To facilitate efficient communication in our increasingly fast shrinking world, there is an insatiable need for translations to be both highly accurate and swift. Before the dawn of advanced tech tools that pay attention to the context of the word used, mistranslations have redirected the course of the world’s history causing easily avoidable blunders.
Examples of historical blunders caused by translation errors includes the famous Pole Position which occurred when the 39th President of the United States Jimmy Carter visited Poland in 1977. The translator hired by the United States was inexperienced in translating the Polish language to English. President Carter though his interpreter ended up making several embarrassing translation slip-ups. The most noteworthy blunder he made was when he uttered the words “your lusts for the future,” instead of “your desires for the future.” This moment is deemed one of America’s most embarrassing diplomatic moments in history.
Did you know that the historic Hiroshima and Nagasaki bombings is attributed to poor translation? In 1945 during the 2nd World War, the United States was starting to incur massive losses in lives and also financially.

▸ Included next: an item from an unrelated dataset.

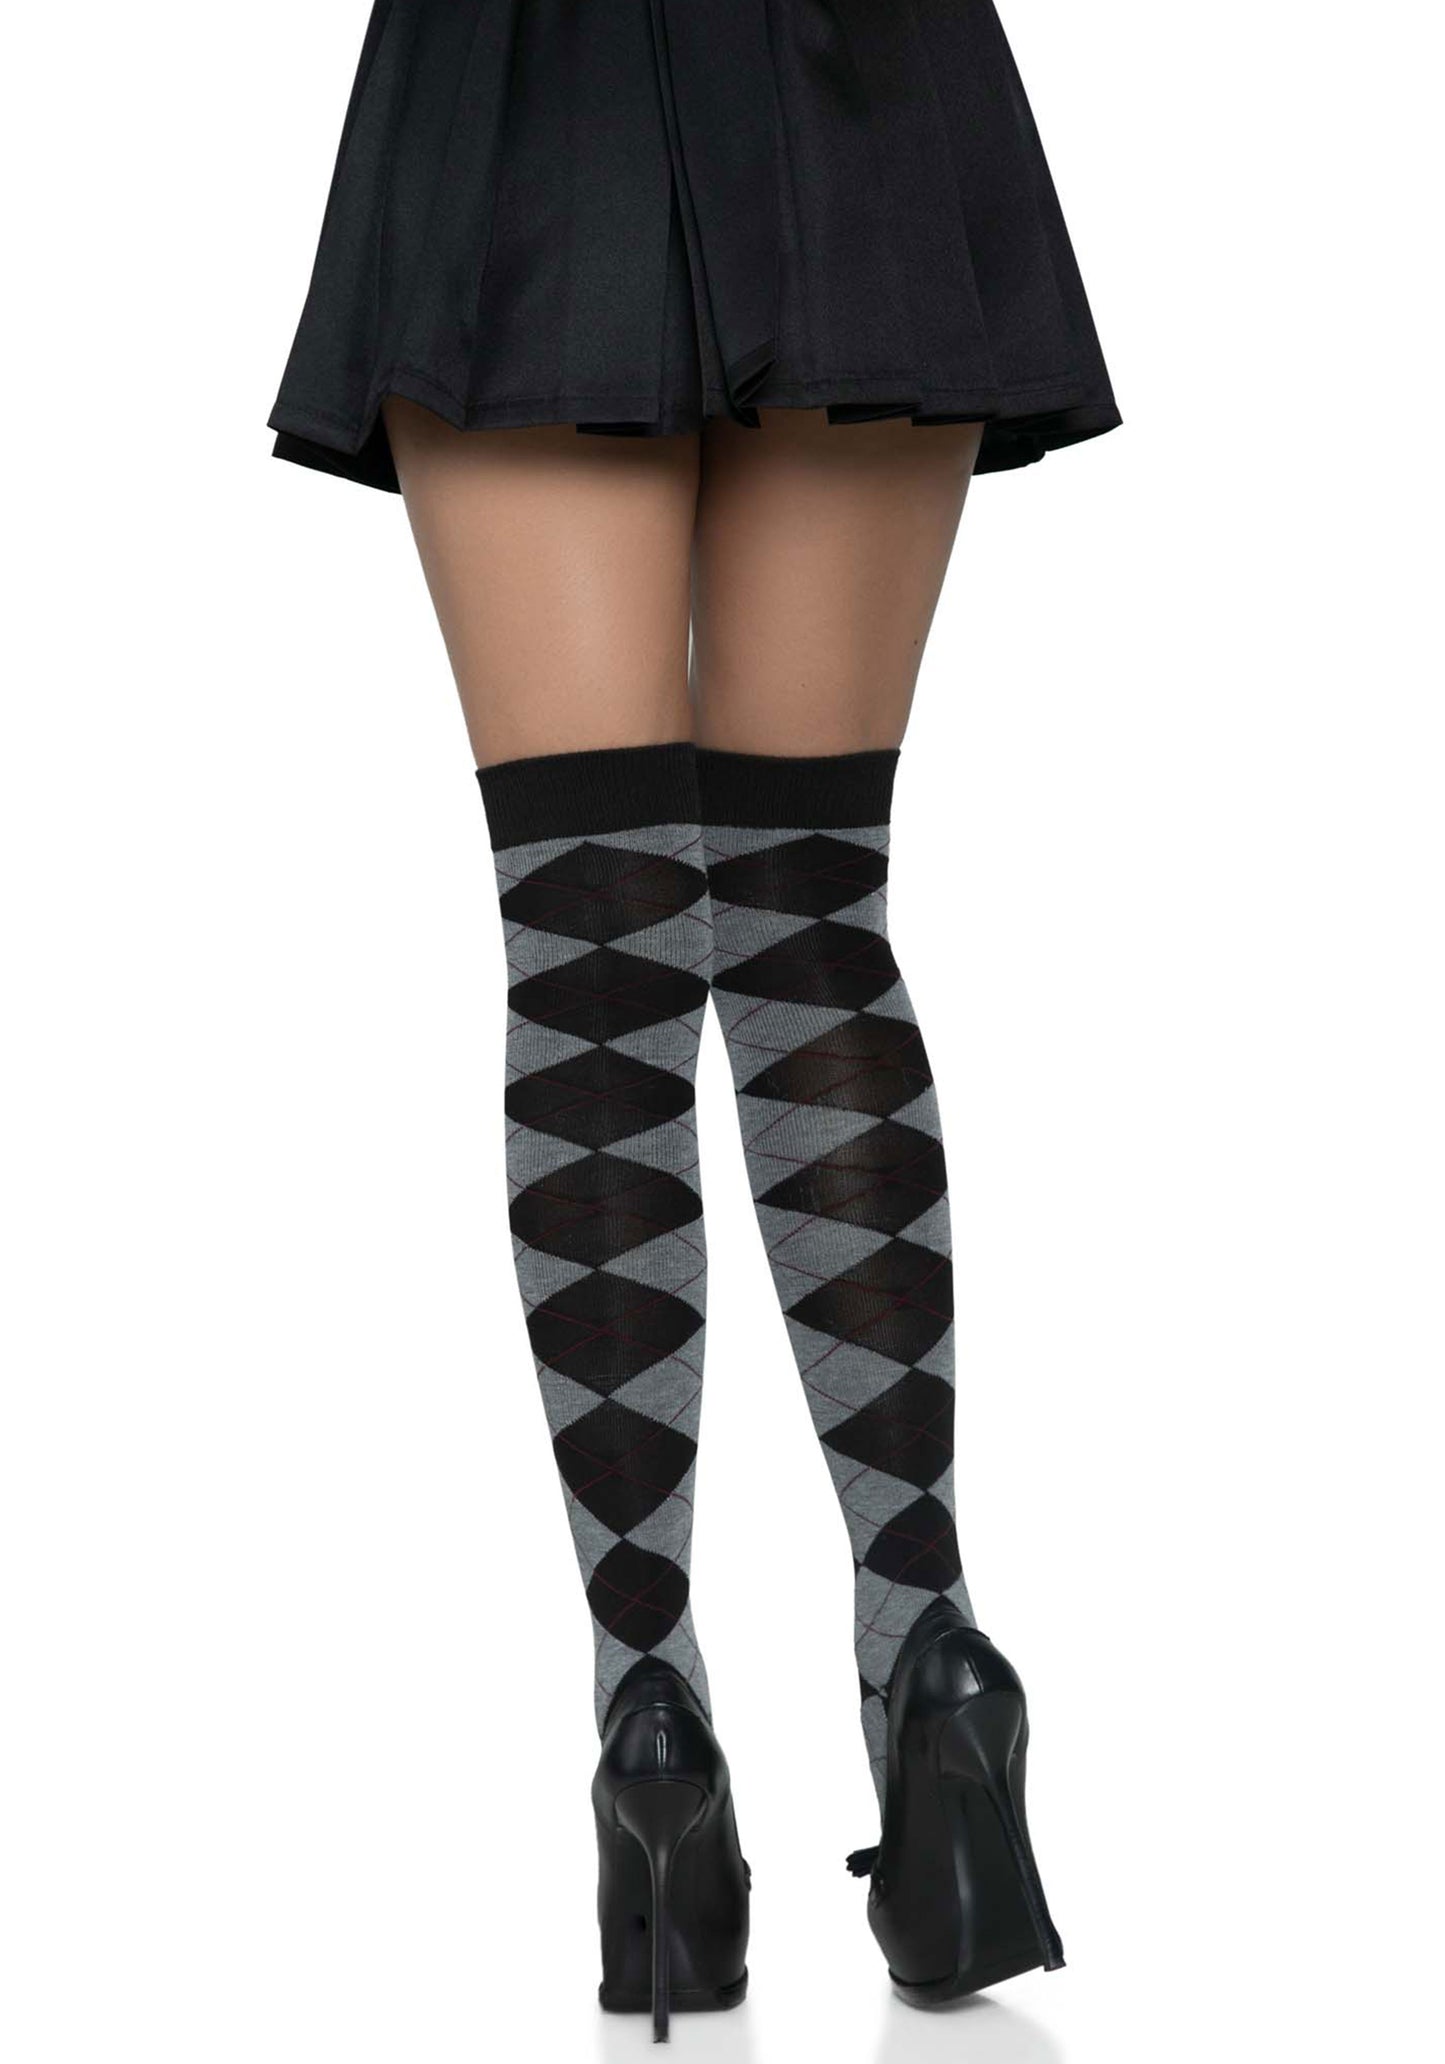 Leg Avenue Argyle Thigh Highs - Black and grey knitted argyle diamond golf style patterned over the knee socks.

This forced them to issue the Potsdam Declaration, stating that Japan should surrender immediately or be totally annihilated.
The Japanese prime minister then issued a statement that loosely translated to ” Please give us several days to consider this and we’ll get back to you.” The only problem is that the prime minister used the term mokusatsu which has several different meanings. One meaning implies snubbing the other party with contempt. Sadly, this is the translation the United States used once they received the message, and after ten days the first atomic bomb was dropped on Hiroshima.
The list of global blunders caused by mistranslations cannot be exhausted, thus proving the influence of translation in our society, and how even the slightest mistake in translation can cause havoc. Proper translation is crucial and will remain so for both economies and individuals in the foreseeable future.